In the dream I was trying to find my way back home. A recurring dream I have over the years, only each time structured just a bit differently I am supposed to know my way back home. It is easy. Just turn down road such-and-such and walk straight there. However, I am never able to find that road such-and-such, and proceed only to become lost down small, dark streets and lanes between ancient buildings with undesirable characters passing me by, looking me over. Inevitably I land up at a dead end, usually at a wild ocean sometimes even with a huge rising, dangerous wave forcing me to run as fast as I can in the opposite direction.
Early this morning the dream was similar. Only this time people kept disappearing over a ledge towards the sea startling me, as I thought they were jumping off a cliff. A shadow of a man, supposedly someone I knew, came to my aid and redirected me up a road towards the correct turn homeward, disappearing as soon as I tried to ask him a question. I soon found myself locked behind a gate, high up in a tight, narrow corner with a dangerous descent, impossible for me with my fear of heights. I started calling out, "Help!" in a tiny, scraping voice trying to make it louder. I seemed to have pulled a lever as I called out, panic rising in my chest, and somehow the step I was on started to descend gradually on its own. There were muffled voices of people down below and I awoke shaking with fear, not knowing where I was. I ran through the apartment looking for T. He had woken earlier and was sitting in the living room with his computer. He looked up calmly as I passed, watching me as if I was a mouse running through the house. "I had such a nightmare," I explained as I rushed by.
It occurs to me that I have had that feeling often throughout my life, since I was a very young child. Calling out for help high up and away as I am trying to find my way home, when there should be an easy route and I become lost in the shadows of some ancient land. And, always, there is no one out there. The sea is sure to engulf me at any time.
Remarrying does not make single parenting any less single. For I worry alone, celebrate alone, feel pride alone, call out for help alone. I think I have always been alone. Just getting on with it as best I could. Mostly not knowing what to do. Desperately watching those around me for hints and cues about how to do whatever it was I needed to do. Grasping at role models, strangers passing by. Trying to be a student, parent, wife, lover, teacher, friend, author, woman, sister, daughter. Always without a road map, it seems. Wandering through unknown avenues and down ominous paths. Never really finding my way back home.
Recently, when my son left, after a week's stay with me, and for reasons I will not go into here, I cried as if my heart would break. I cried so hard and so much, that out of the congestion, the whole next day I could not hear in one ear and was completely hoarse. As I drove from the airport, tears poured down my cheeks like a thunderstorm.
I wonder, "Will I die alone too?" As Charlie did after we had all kissed him and told him that we loved him, alone in his hospice room that night? Or will someone be there to hold my hand and stroke my forehead with great love, or hold me in their arms as I did with Mar-Mar as she rose up to take her very last breath?

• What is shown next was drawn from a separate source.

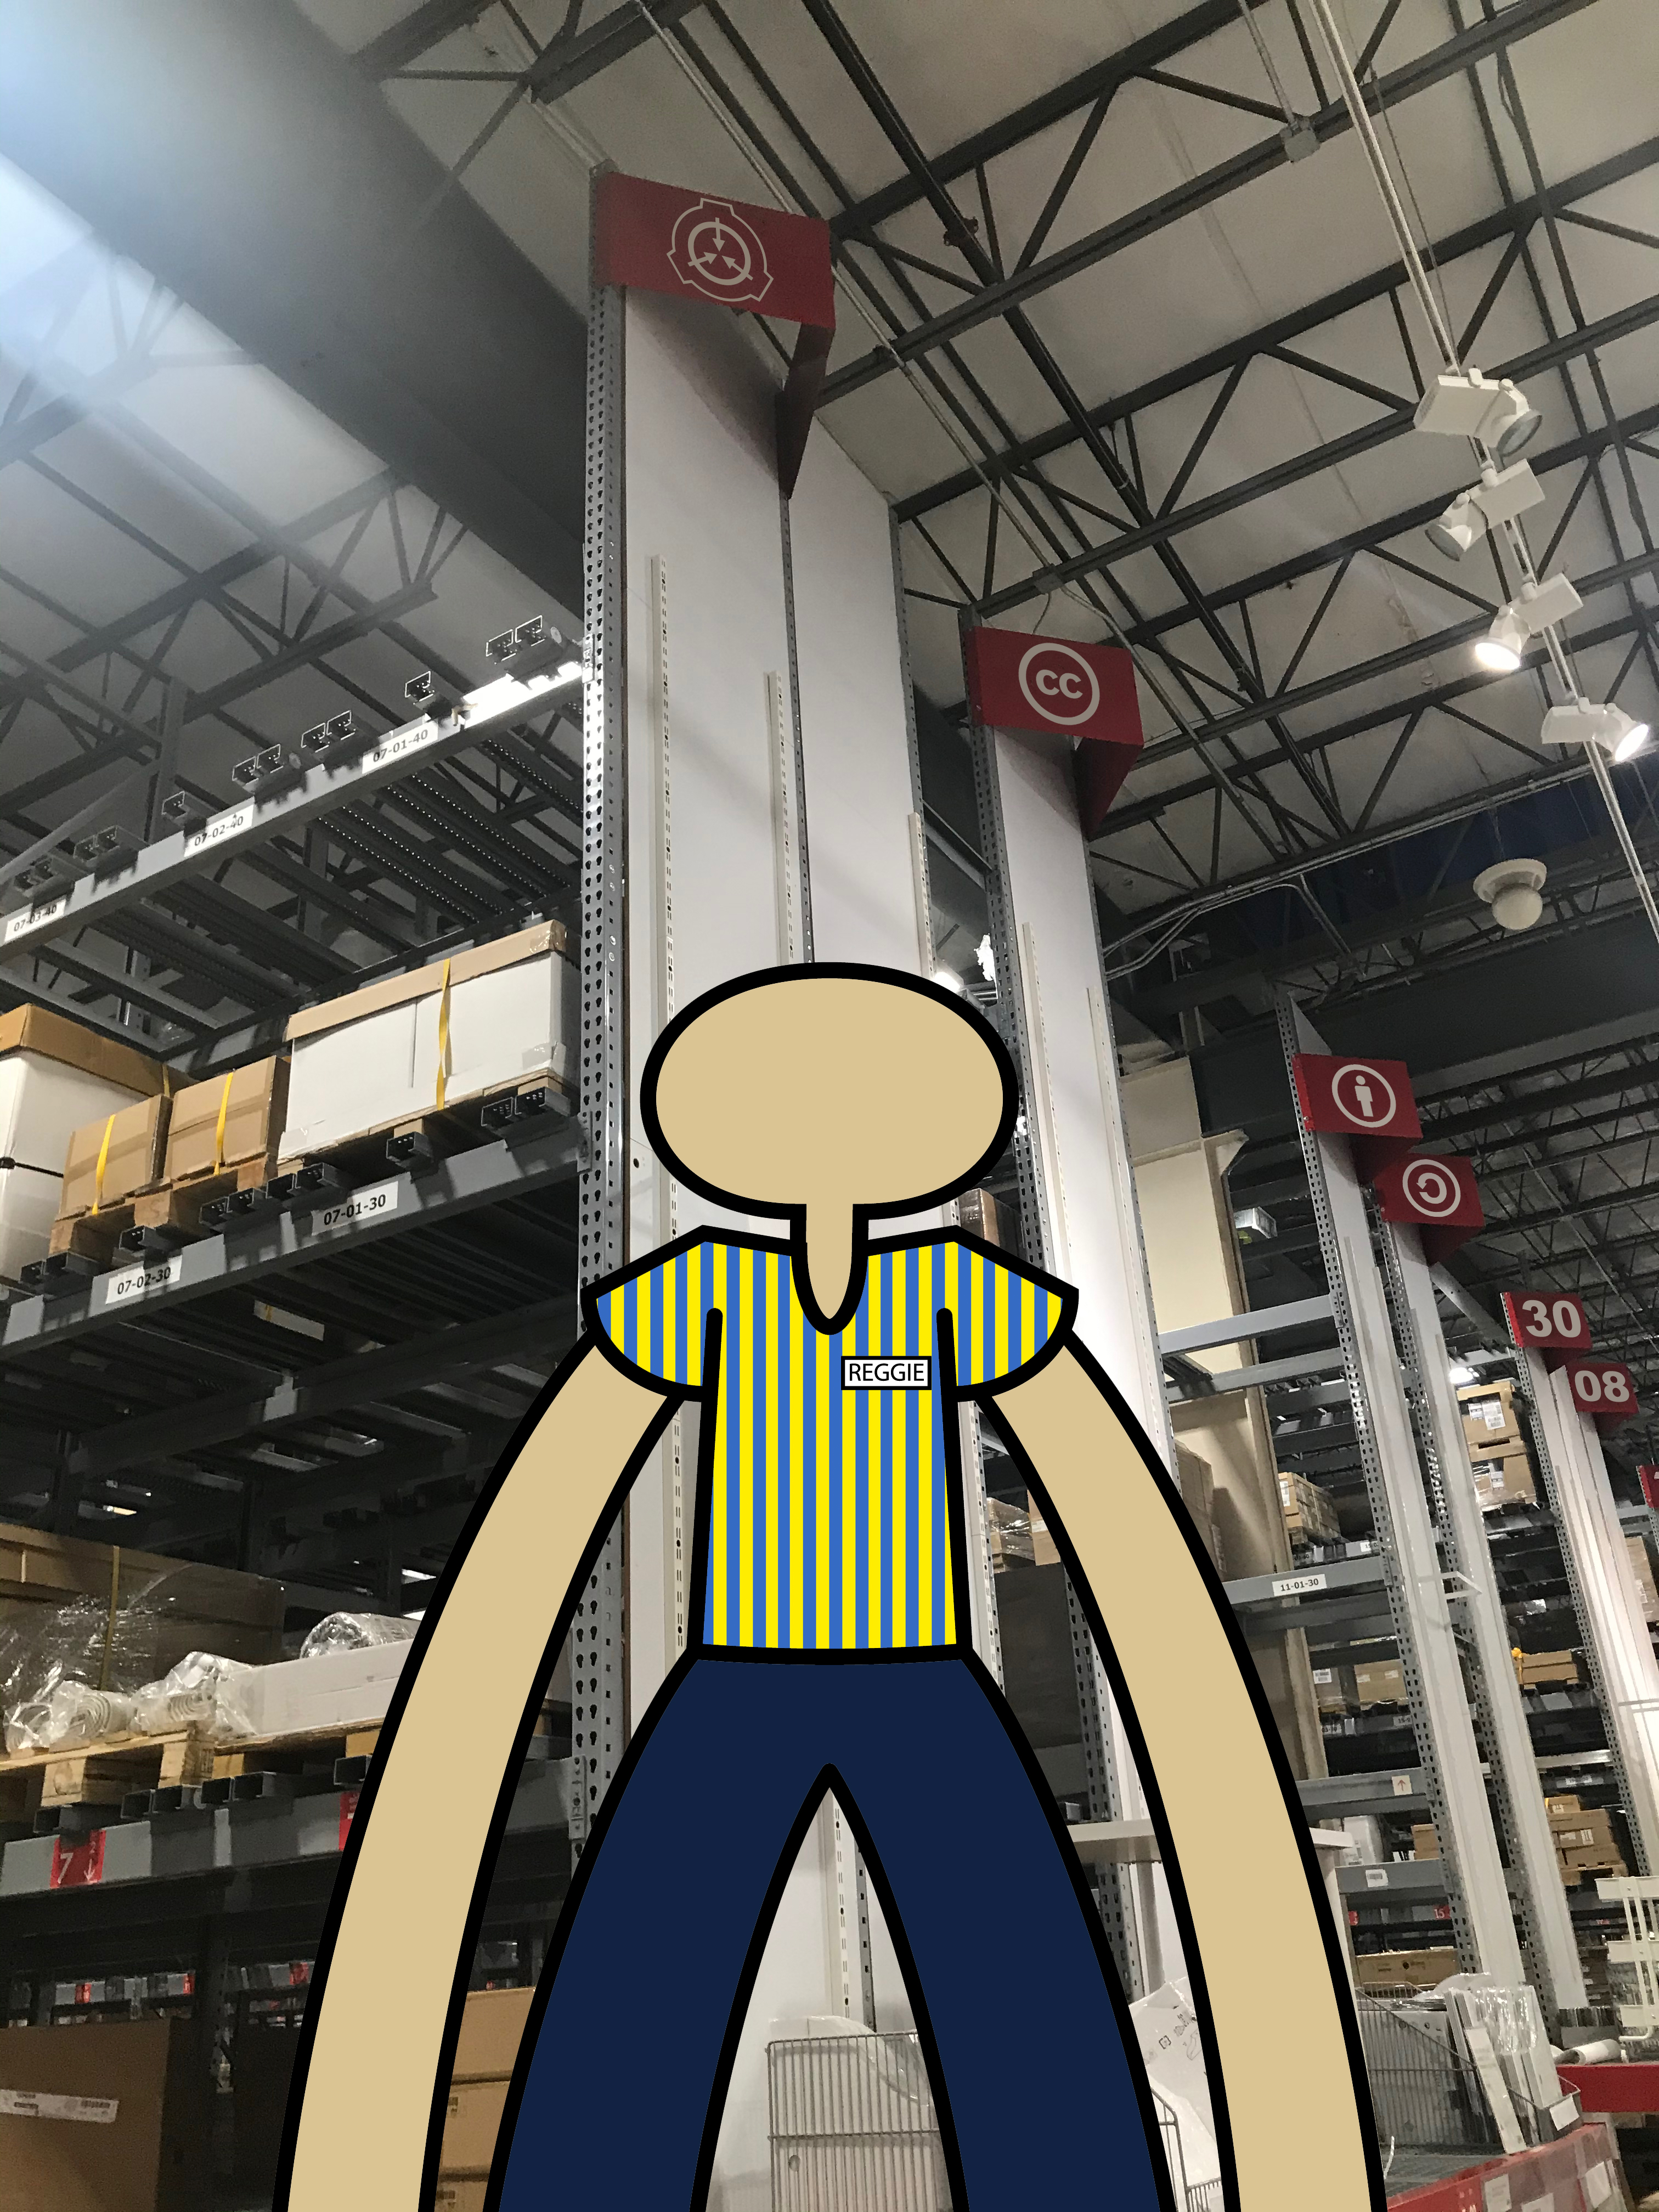 SCP IKEA STAIRWAY to HEAVEN.. (SCP-3008)
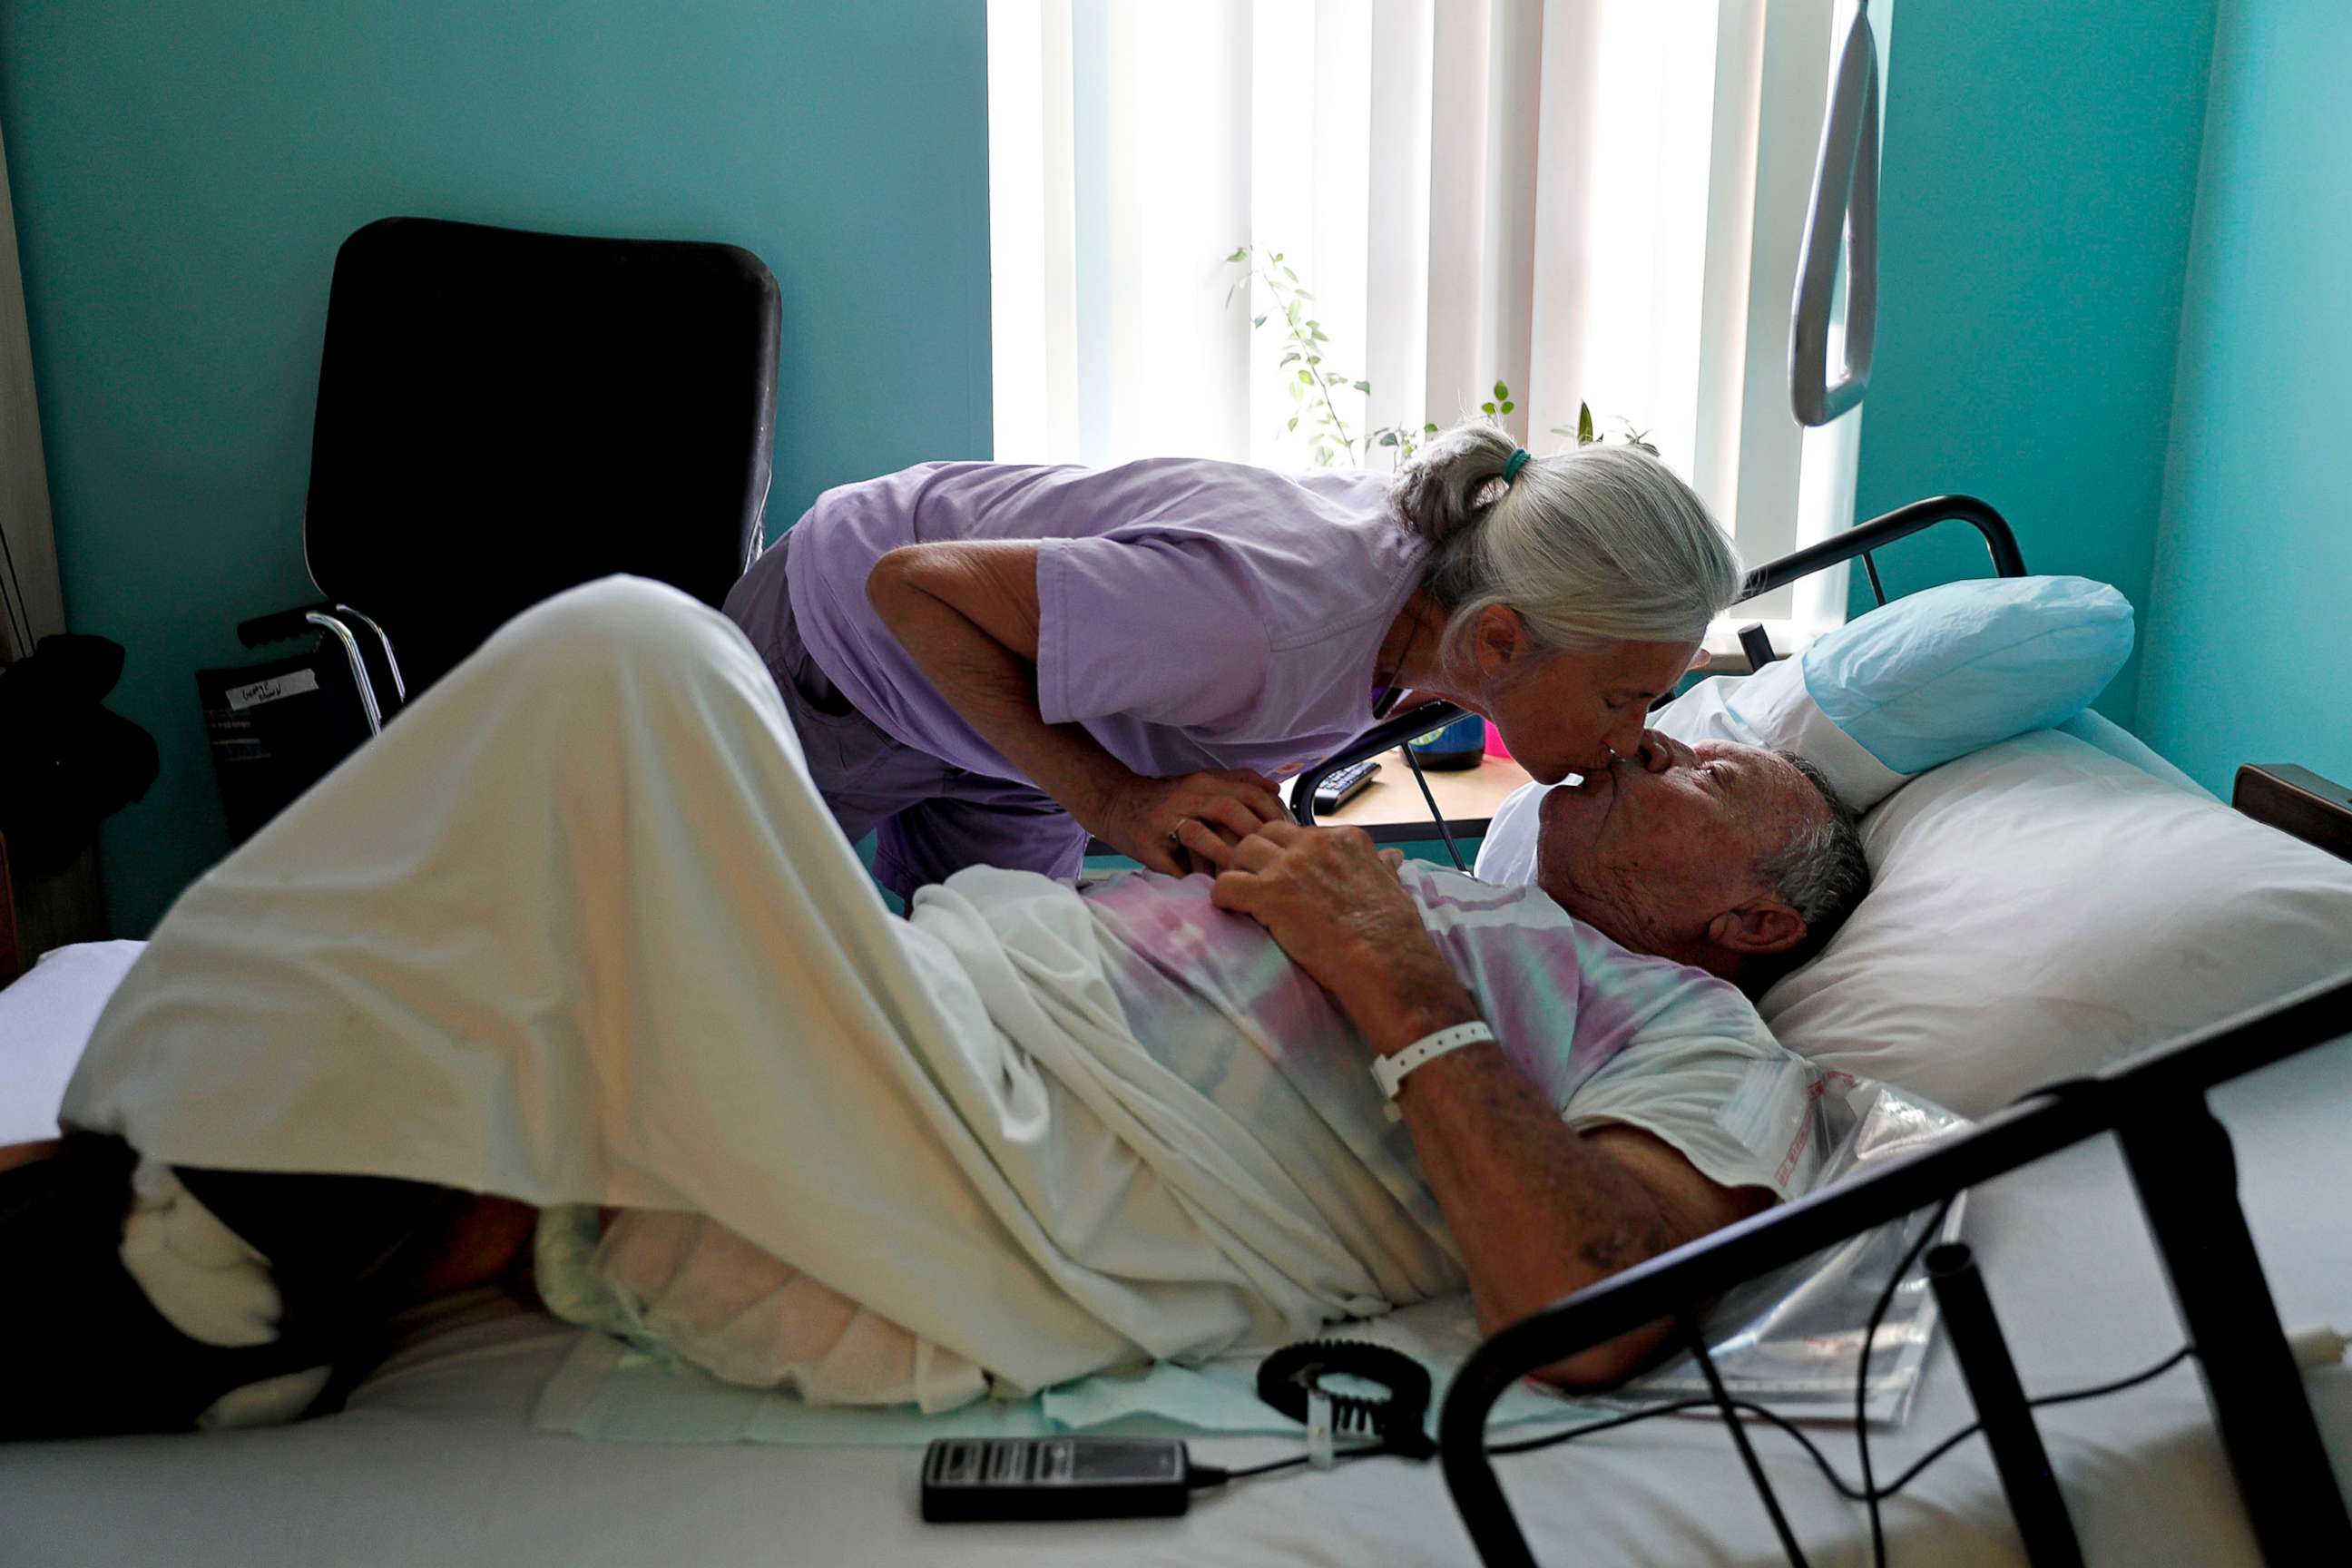 PHOTO: Marge Brown, 65, says goodbye to her father, George Brown, 90, before he is evacuated from a healthcare home in Morehead City, N.C., Sept. 12, 2018, as Hurricane Florence approaches the east coast.

It occurs to me that for the past six years the leader of our country makes me feel even more alone than I have ever felt. Doing what he wants, thumbing his nose at everyone, lying, deceiving, joking and offending. I am terrorized by his abuse of power. Rendered help-less and alone time and again. Ashamed of his actions, statements, ideologies. Outraged, that as our elected leader he speaks for me and uses my hard earned monies in ghastly, abhorrent ways. Constantly, insidiously. His leadership permeates everything we do, accompanies us as we go about our daily lives. Every time I see his hideous, insincere smile or hear his cackling over some lie or other, it permeates my tender soul just a bit more. Come to think of it, have I ever lived under a political leader who I truly admired and felt proud to be a part of?
"Help!" I cry. It is squeaky and rasping, shrill and piercing. Perhaps, in my next recurring dream, I will fill my lungs with air, breathe in deeply and call out from the pit of my stomach with a loud, roaring voice, deep, strong and solid: "HELP!" - in such a way, that people will run from their homes, arms outstretched to greet me in a loving, compassionate embrace. And then, together, we will find my way home, arm in arm singing Kum Ba Yah as we go.